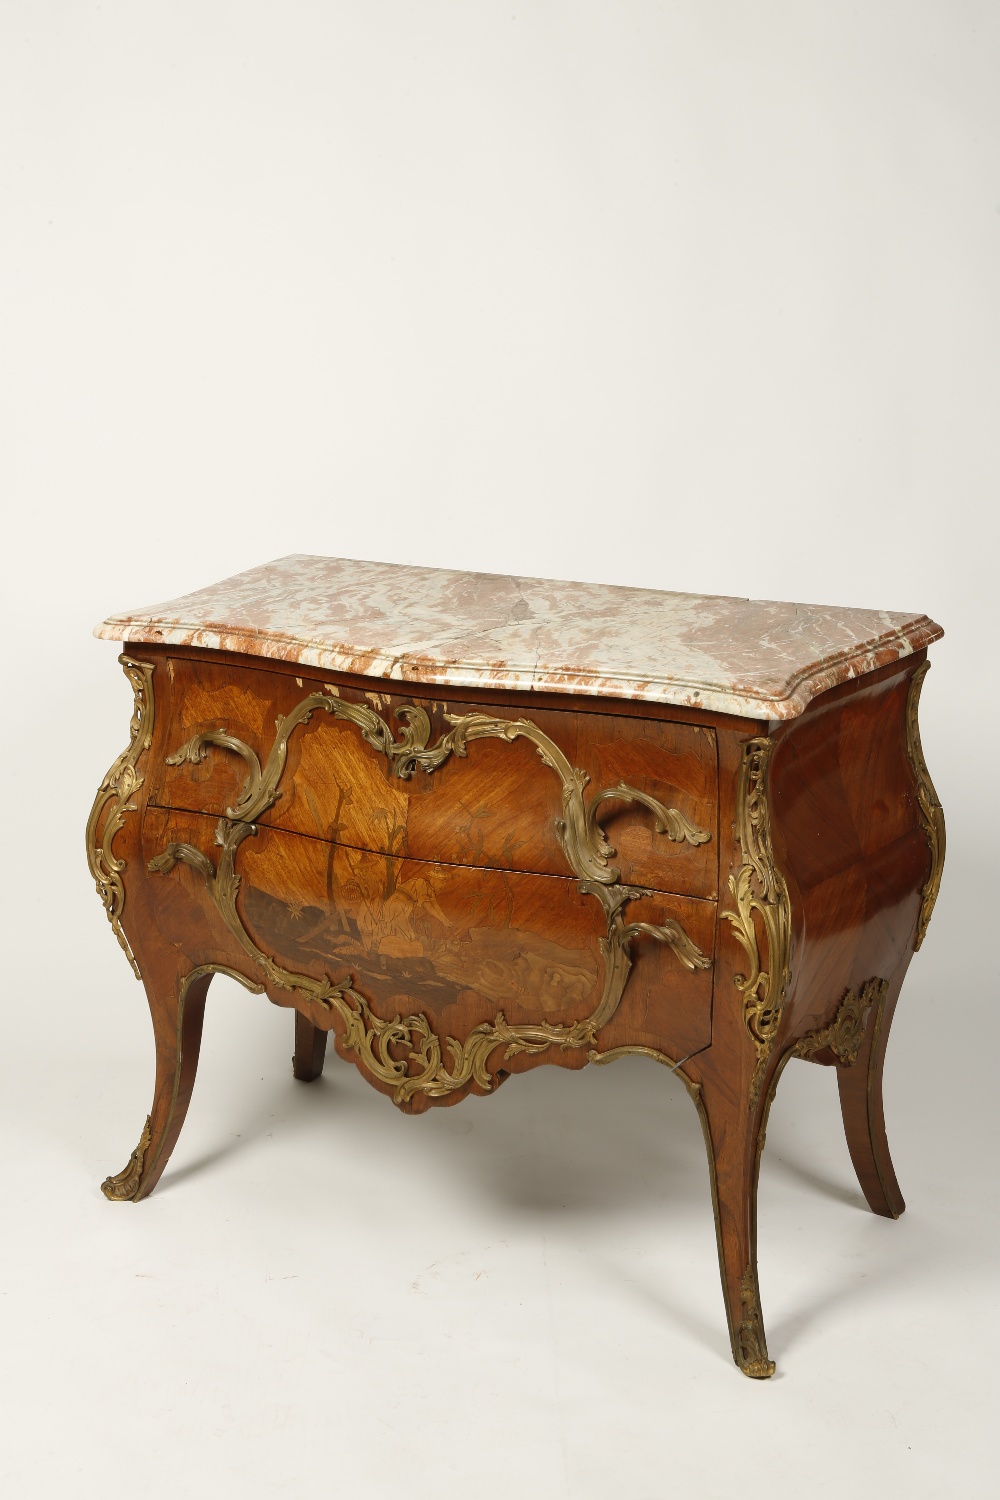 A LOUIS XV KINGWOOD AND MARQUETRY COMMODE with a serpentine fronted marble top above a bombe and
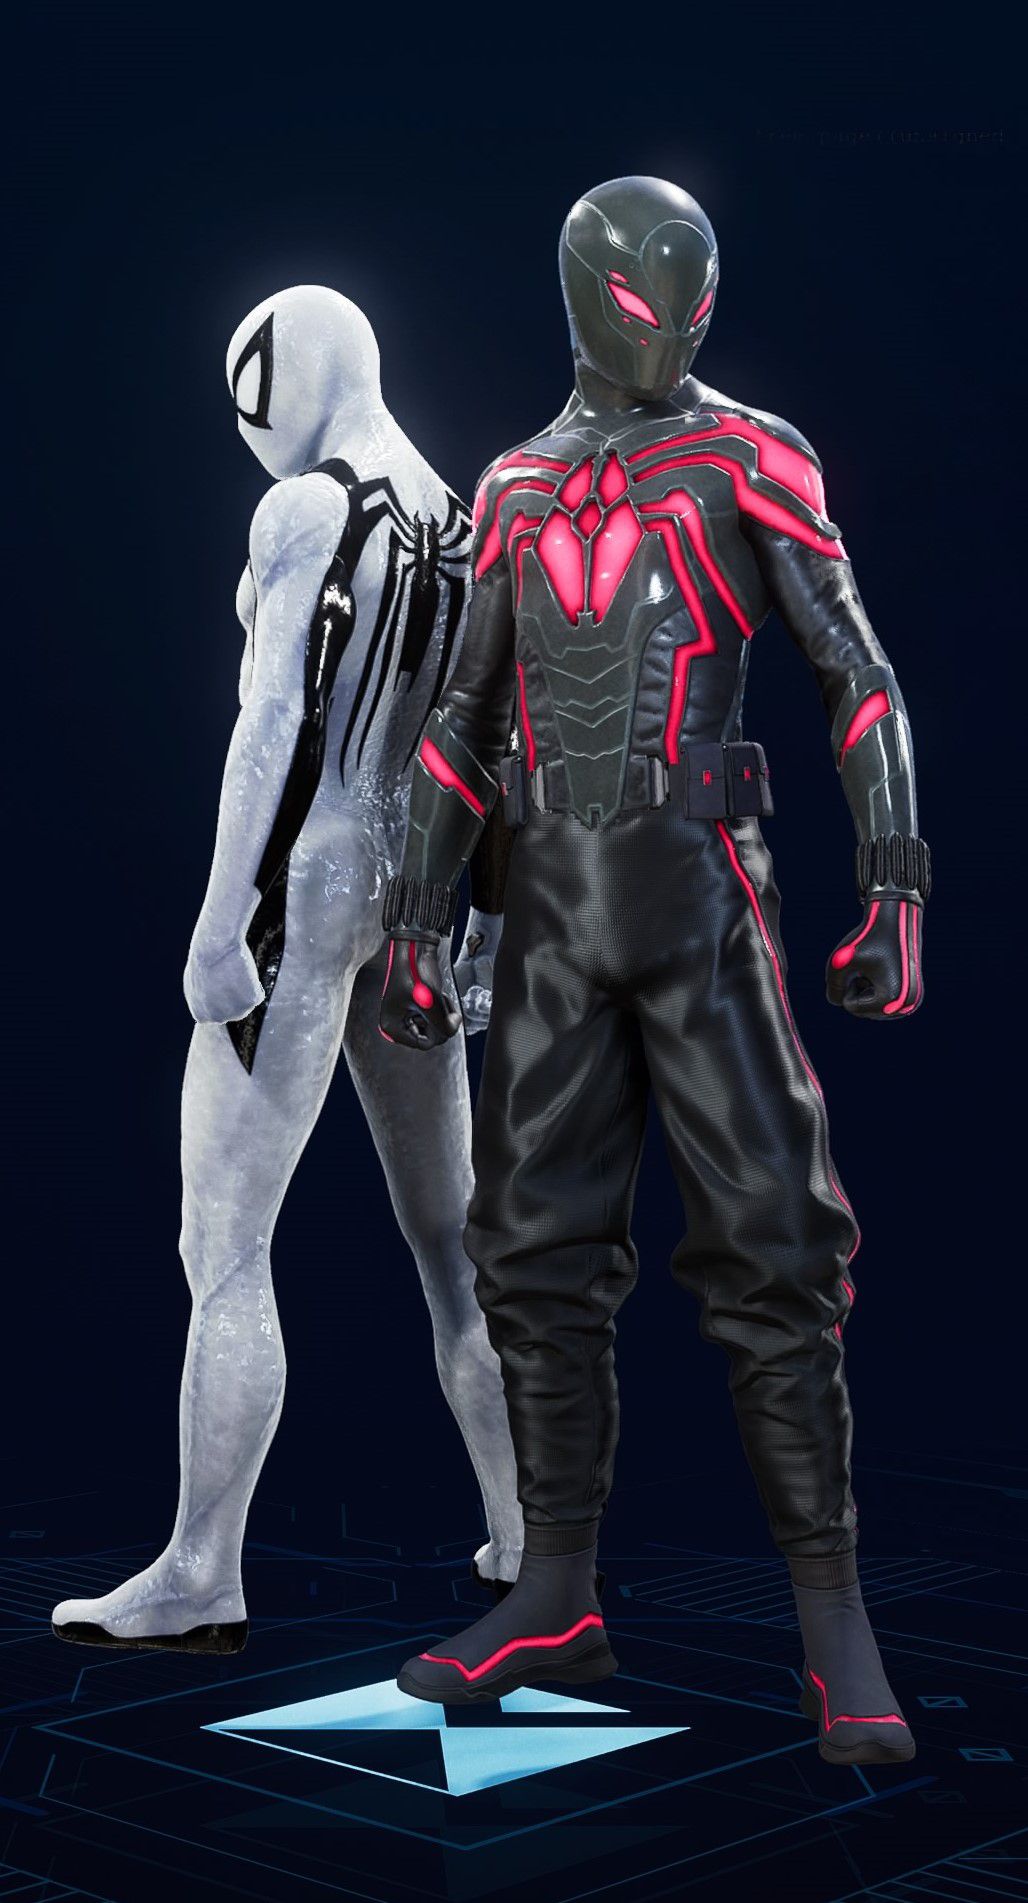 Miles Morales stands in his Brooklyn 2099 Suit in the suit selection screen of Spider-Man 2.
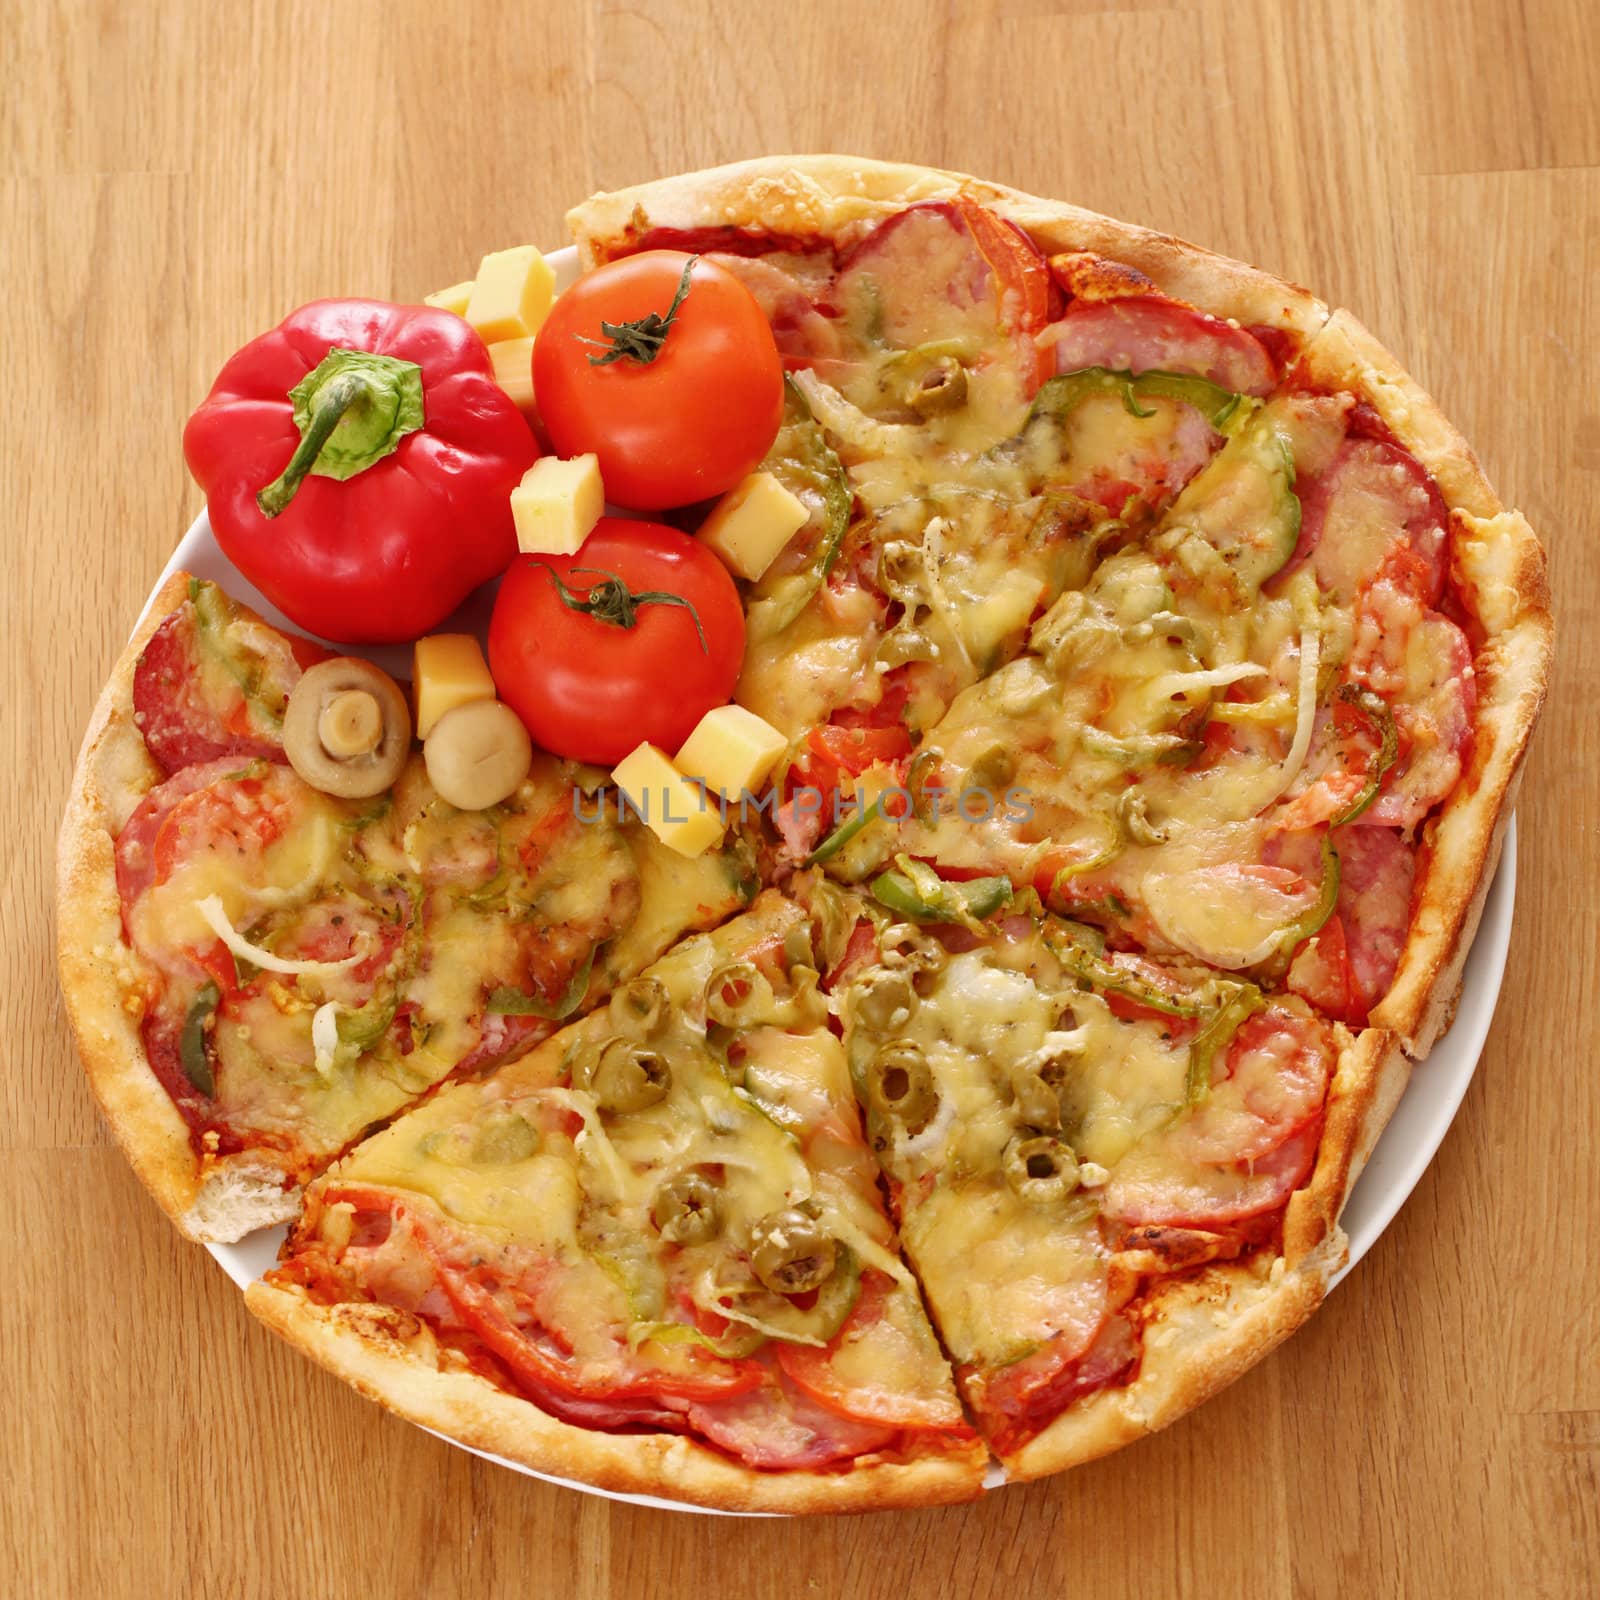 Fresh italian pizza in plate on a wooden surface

_ _ _ _ _

— HOW TO COMPLETE THIS TASK —
Take the line containing "Miles Morales stands" and every line after it up to the end of the data, and write them out exactly, without the pictures.

— RESPONSE BOX —
 Miles Morales stands in his Brooklyn 2099 Suit in the suit selection screen of Spider-Man 2.
 Fresh italian pizza in plate on a wooden surface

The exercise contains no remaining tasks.